People can be persuaded both when they are in a mindless state and when they are thoughtful, but exactly how they are influenced in either of these two states differs considerably. Richard Petty and John Cacioppa argue that there are two routes to persuasion-peripheral and central. In the peripheral route, a message recipient devotes little attention and effort to processing a communication.

In the central route, a message recipient engages in a careful and thoughtful consideration of the true merits of the information presented. ( page 35 )

In other references you might find the term critical thinking, which is similar to the central route. In hypnotism one reduces independent and critical thinking by a variety of means. Critical thinking has many components as a subject but starts with questioning ideas, doubting, comparing and considering counter arguments and flaws in information presented to you, or even thought of by yourself.

In the central route critical thinking is in full force. In the peripheral it is greatly reduced, or almost absent.

There is a very important reason Ron Hubbard wanted, even needed, critical thinking aka the central route abandoned.
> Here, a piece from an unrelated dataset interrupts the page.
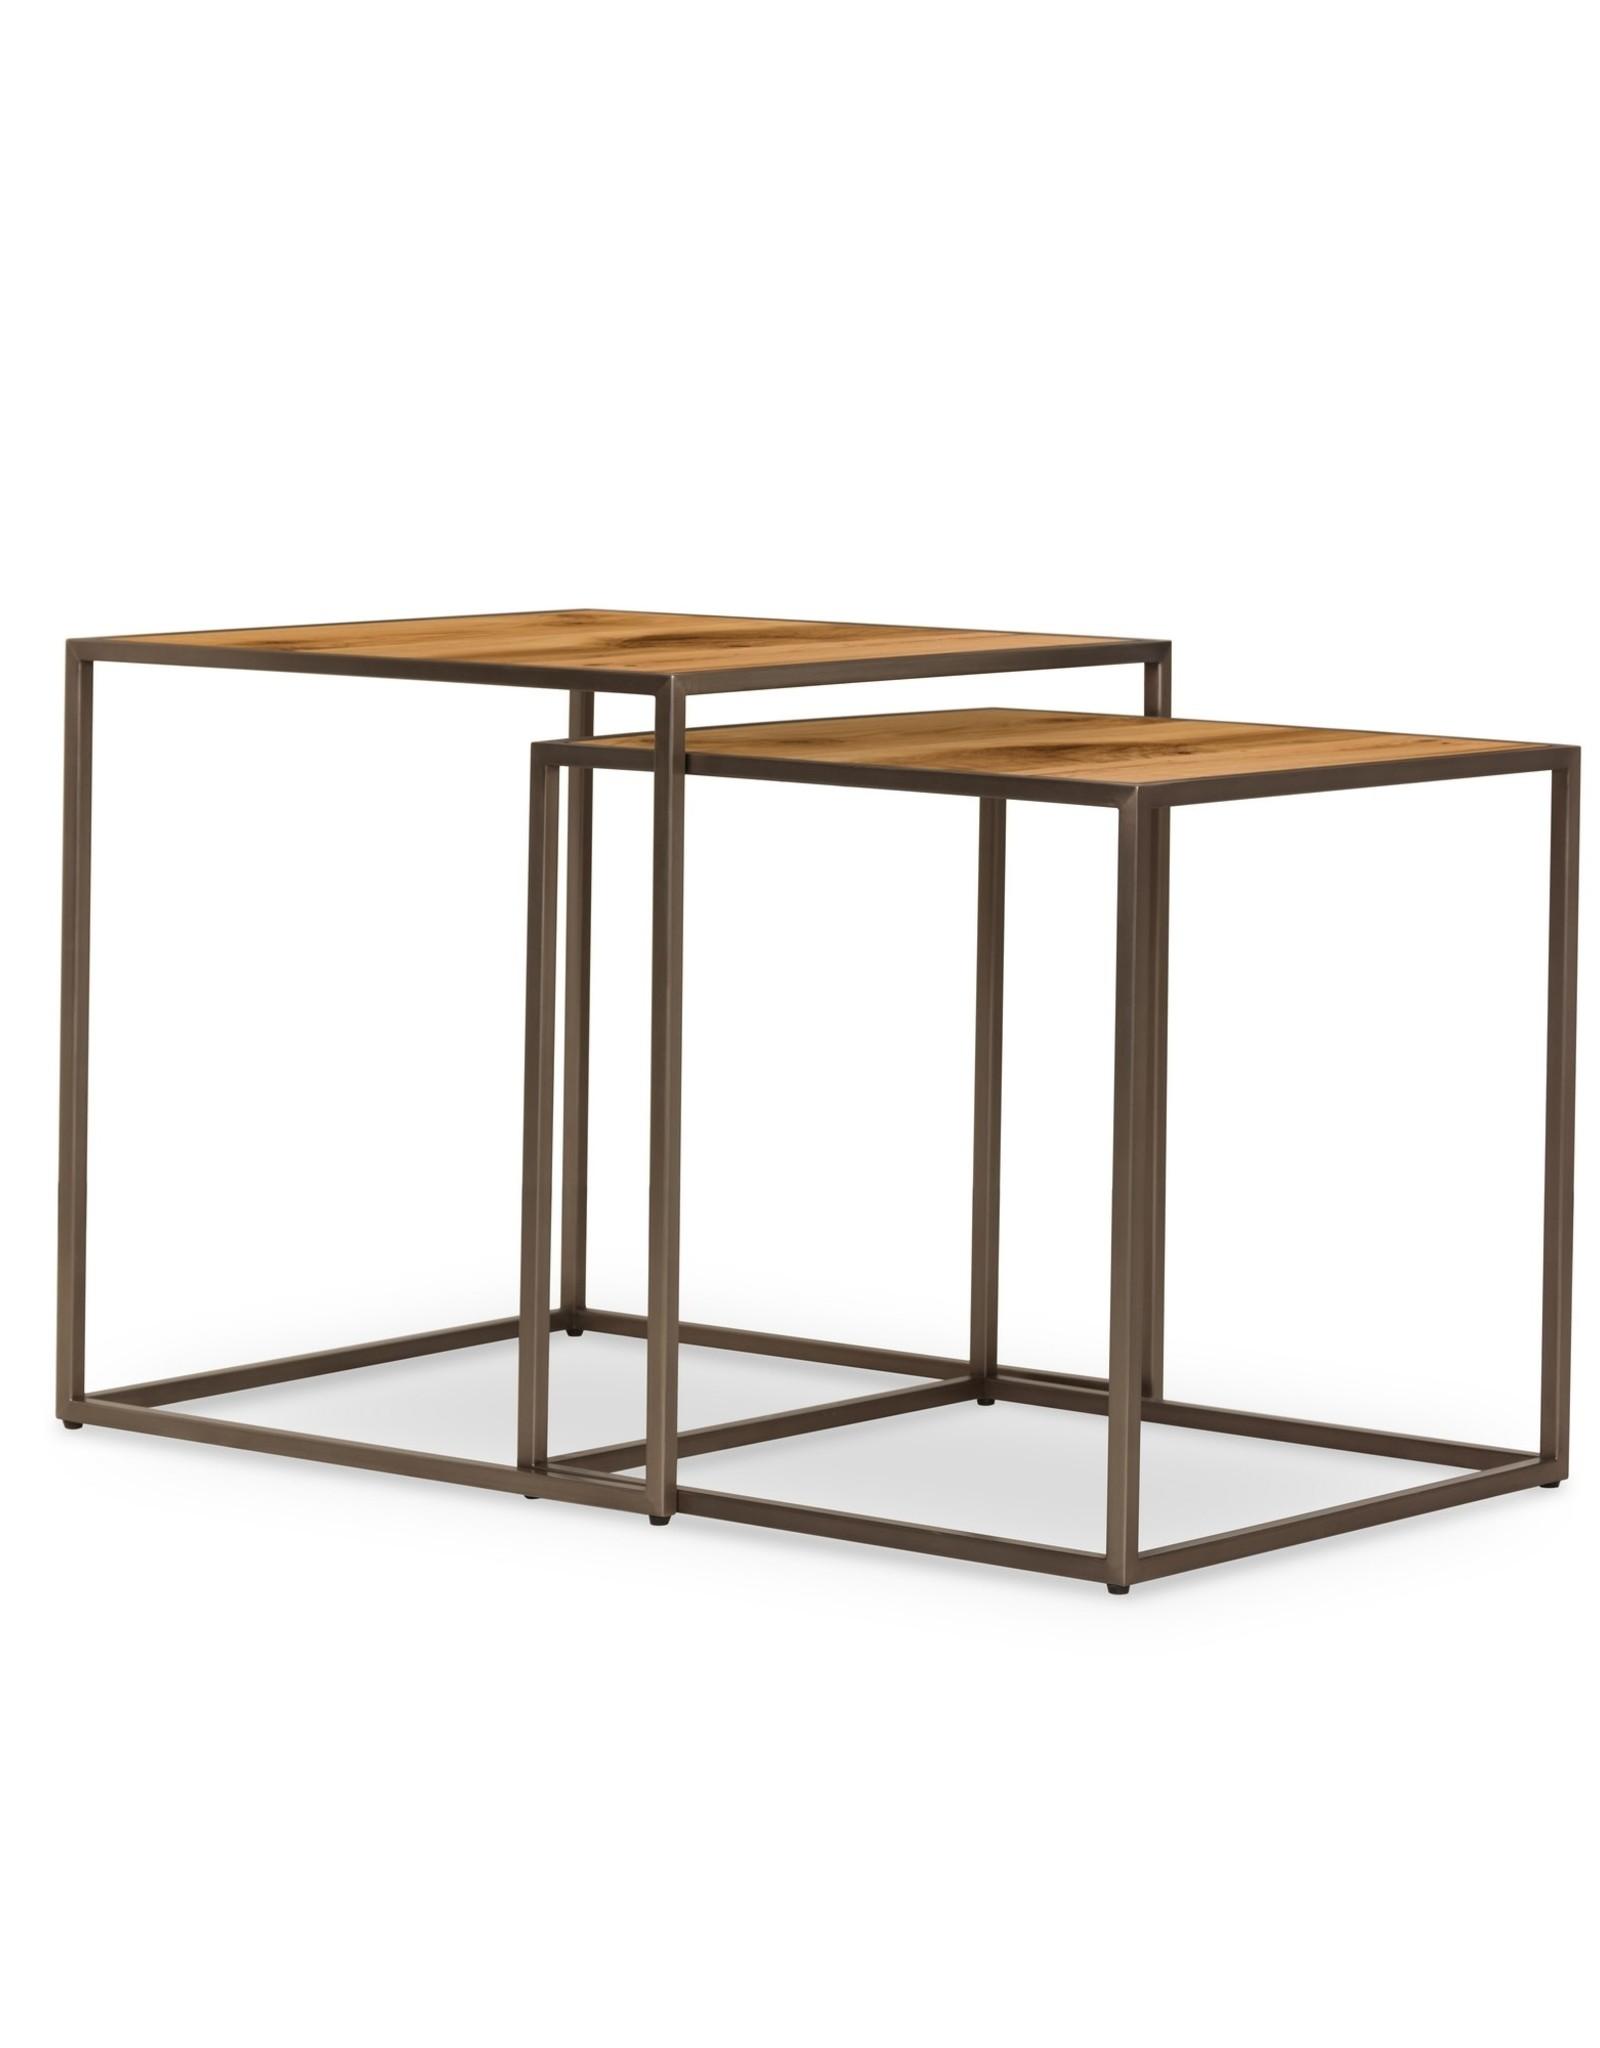 Kenzo Nesting Tables - Set of 2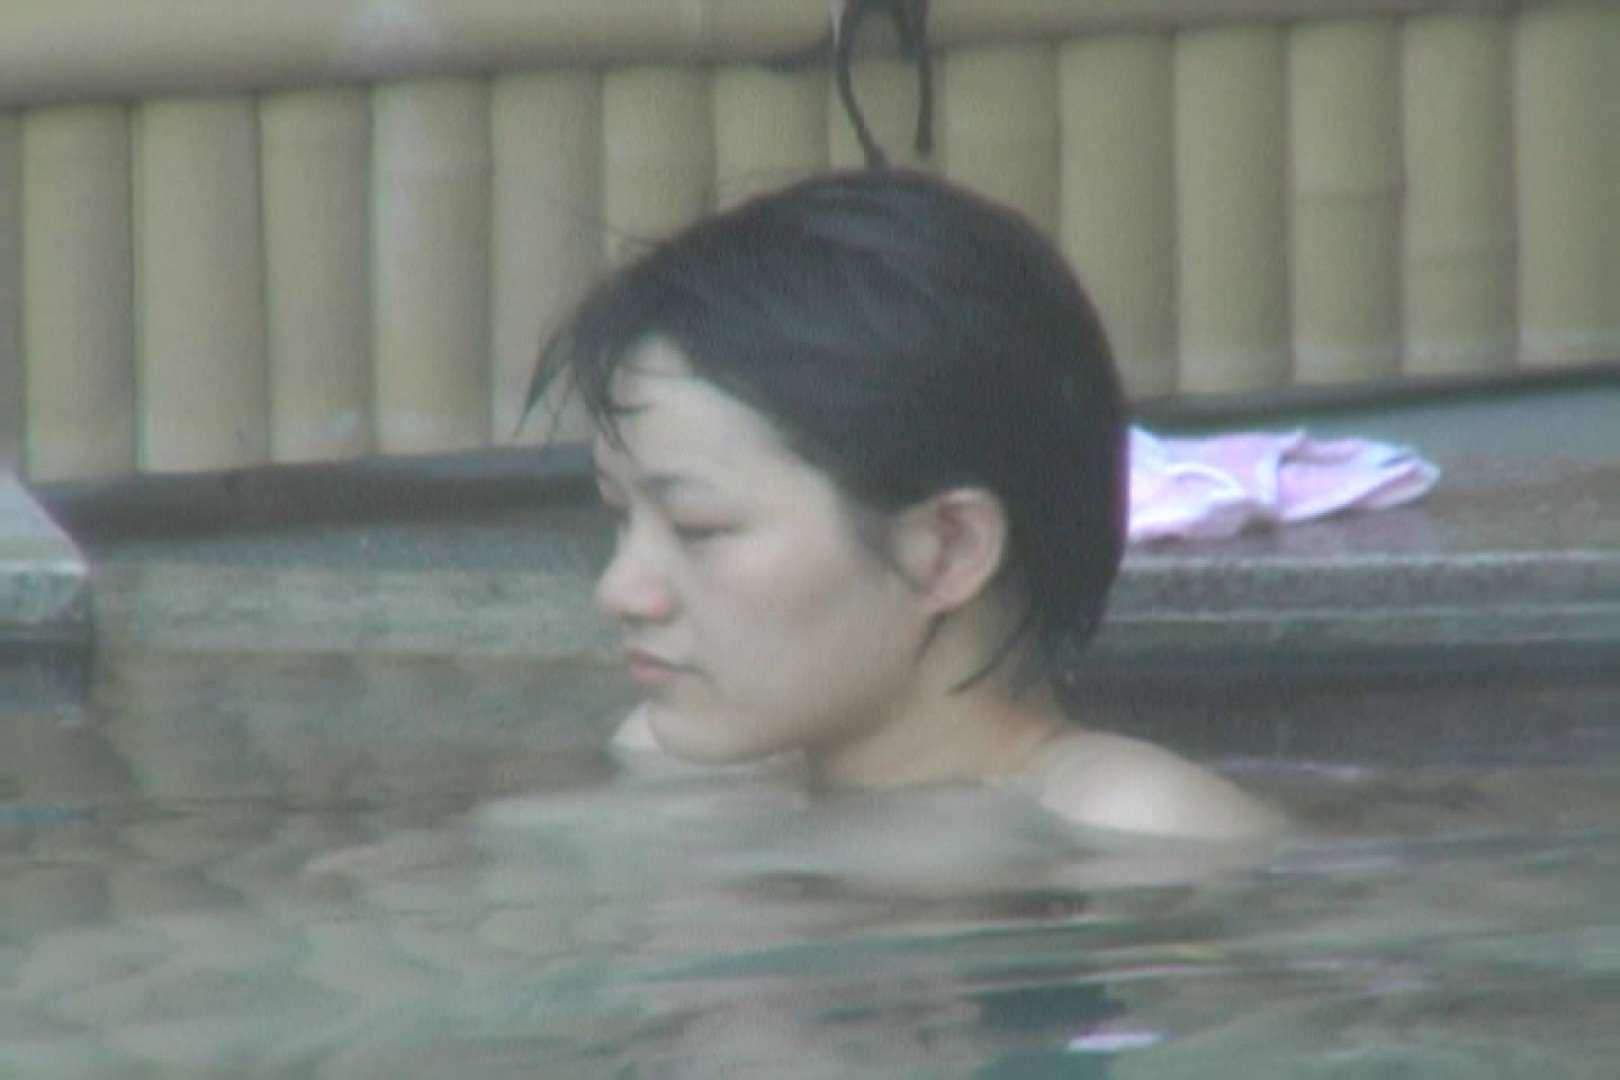 Aquaな露天風呂Vol.116 露天風呂編 | 盗撮シリーズ  107PIX 81

David Shumann has studied ads with repetition and variation extensively. He found ads without variation suffer from the wear out effect consistently. By adding variation to ads that use the peripheral route those ads avoid wear out. BUT ads that encourage the central rote aka critical thinking regarding the ads experience wear out whether variation occurs or not. In the central route repetition actually is annoying AND provides extra opportunities to judge and analyze the message !

That made inhibiting  critical and independent thinking crucial to Hubbard's methods. He needed the central route abandoned and only the peripheral route custom made for his indoctrination. I cannot possibly emphasize that enough.

Hubbard followed Goebbels example and sought to reduce complex problems to simple solutions-his solutions, and through repetition with variation to instill a reality with himself as the highest possible authority, an infallible authority. And through encouraging only the peripheral route to substitute his ideas for counter arguments and critical thinking regarding his doctrine. Unfortunately with thousands of Scientologists his methods were quite effective.

I hope this post has done several things: Brought light to the idea that there are many tools to dissect Scientology and reveal its true nature. Hypnotism, psychology and other subjects can pull back the curtain on Hubbard's complex con and free minds from the fraud.

Additionally, I hope that it shows concepts from hypnosis and psychology can compliment each other, and are not in conflict. I also hope it encourages people to look at studies and their results to uncover how our minds really work . Psychology is not a perfect science, hypnotism is not a thoroughly established scientifically validated practice.

BUT each is very useful for examining Scientology and psychology is much, much more a science than Scientology ever was or will be.

I hope this informs, and encourages much more exploration. Not to repeat myself too much.